The number of people who are obese exploded over a dozen years. Dramatic increases in overweight and obesity have occurred in men and women, boys and girls, in less than two decades. Although there is a genetic component to weight, our genes haven't changed that much over this period. What could account for the rapid rise of excess weight?
Key contributors include striking changes in how, and how much, we eat. Shifts in Americans' food practices include:
| Food | Portion Sizes | |
|---|---|---|
| 1950s-1970s | Today | |
| Bottled Beer | 7 ounces | 12, 16, 24 ounces |
| Soda | Regular = 12 ounces Large = 16 ounces |
Small = 16 ounces Large = 32 ounces |
| Hamburger | 3.9 ounces | 4.4 to 12.6 ounces |
| French fries | 2.6 ounces | Small = 2.6 ounces Large = 32 ounces |
| Chocolate bar | 1.6 ounces | 1.6 - 5.0 ounces |
Source: Young and Nestle M. Journal of the American Dietetic Association, 2003
Since it was introduced in 1993 and until it was replaced by a less graphically meaningful image in 2005, the U.S. Department of Agriculture's Food Guide Pyramid was held up as the embodiment of healthy eating.
Unfortunately, this potentially helpful icon isn't firmly based on solid science. The Food Guide Pyramid labels all fats as bad (they aren't—unsaturated fats are good for you), all carbohydrates as good (they aren't—highly refined grains aren't nearly as good for you as whole grains), and promotes consumption of dairy products and red meat (not necessarily elements of healthy eating). What's more, following the advice embodied in the Pyramid and stated in the older Dietary Guidelines for Americans doesn't do much to protect people from chronic diseases such as heart disease and cancer.
In two large, long-term studies of more than 100,000 men and women conducted by the Harvard School of Public Health, those who followed the USDA's recommendations gained little protection from major chronic diseases such as heart disease and cancer (McCullough and colleagues, American Journal of Clinical Nutrition, 2000).

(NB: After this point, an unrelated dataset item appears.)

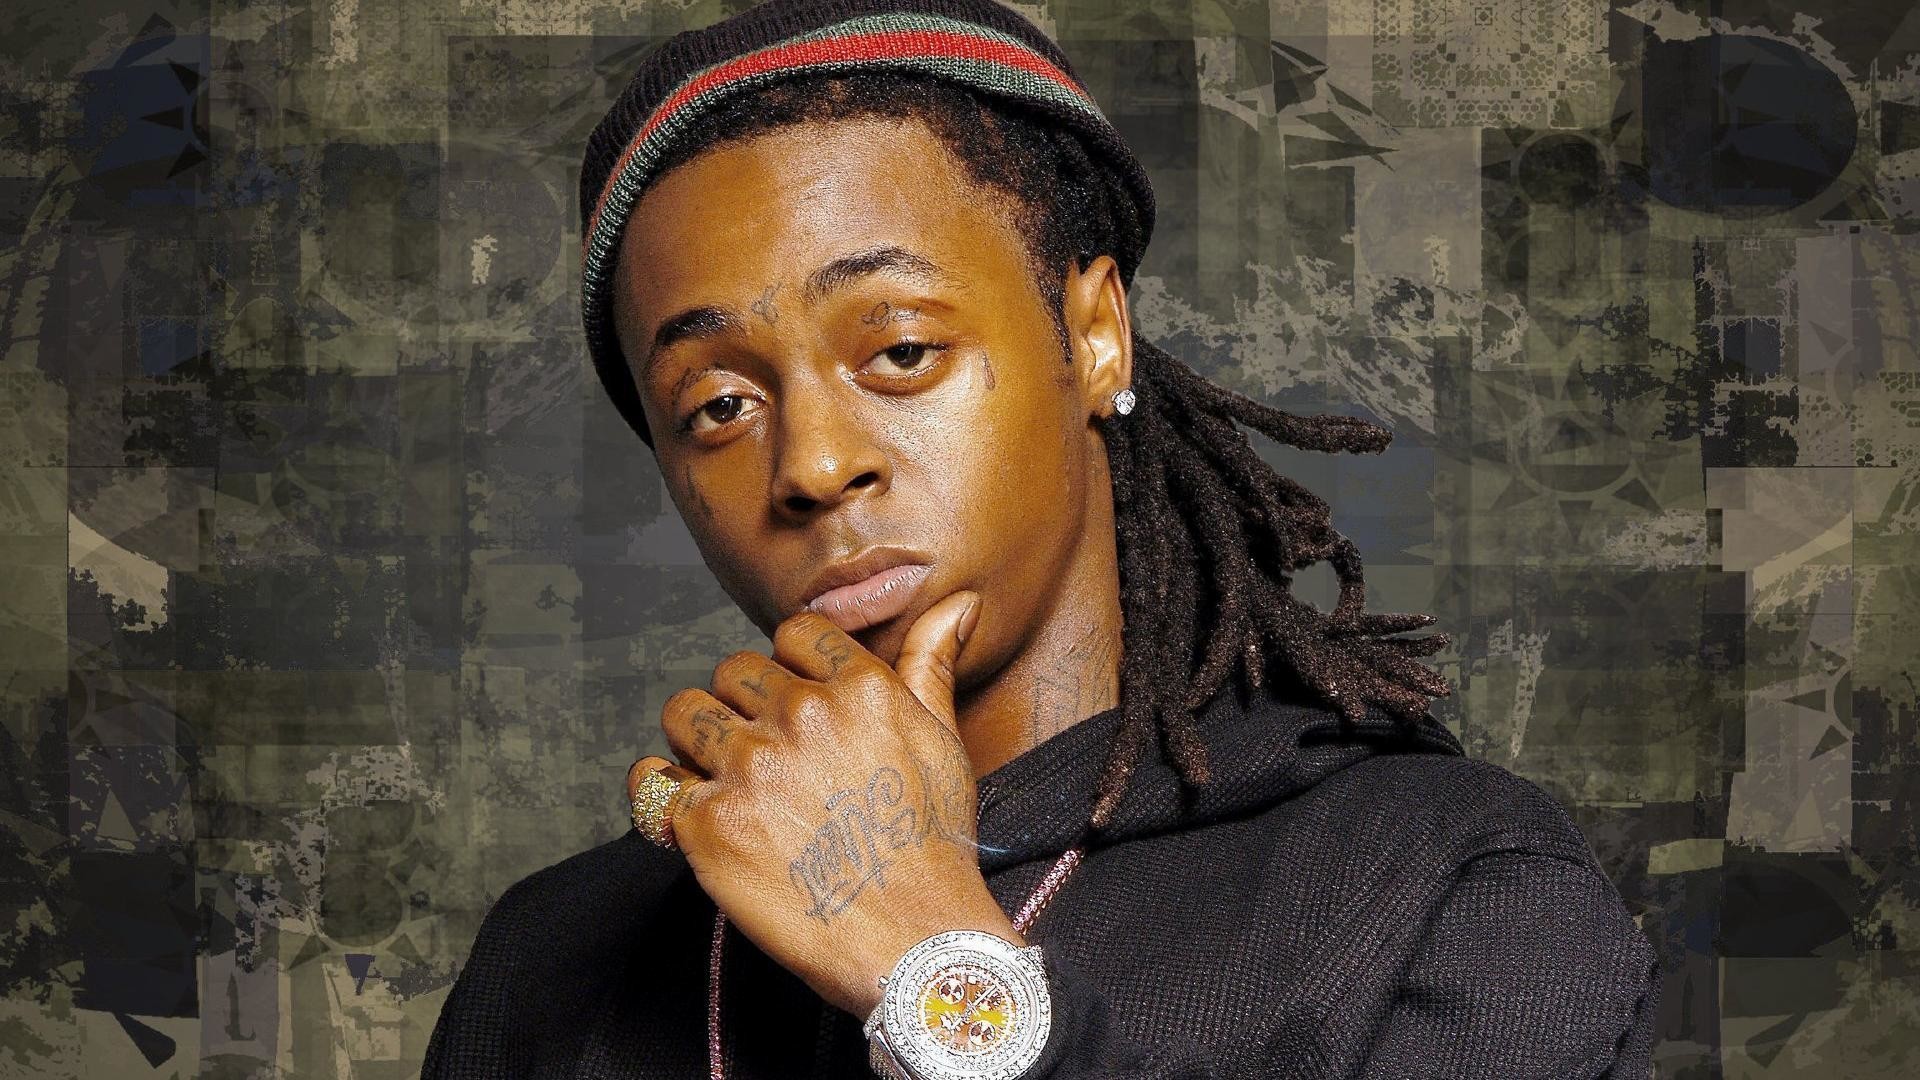 Rap Wallpapers Lil Wayne Hd 1920ã1080 Lil Wayne Wallpapers - Lil Wayne Images Download - HD Wallpaper

Those who followed an alternate pattern had significant reductions in chronic disease (McCullough and colleagues, American Journal of Clinical Nutrition, 2002). This pattern included more fruits and vegetables, nuts and soy protein, a higher ratio of poultry and fish to red meat, a higher intake of whole grains (cereal fiber), a lower intake of trans fats, a high ratio of polyunsaturated fats to saturated fats, multivitamin use, and regular moderate alcohol intake.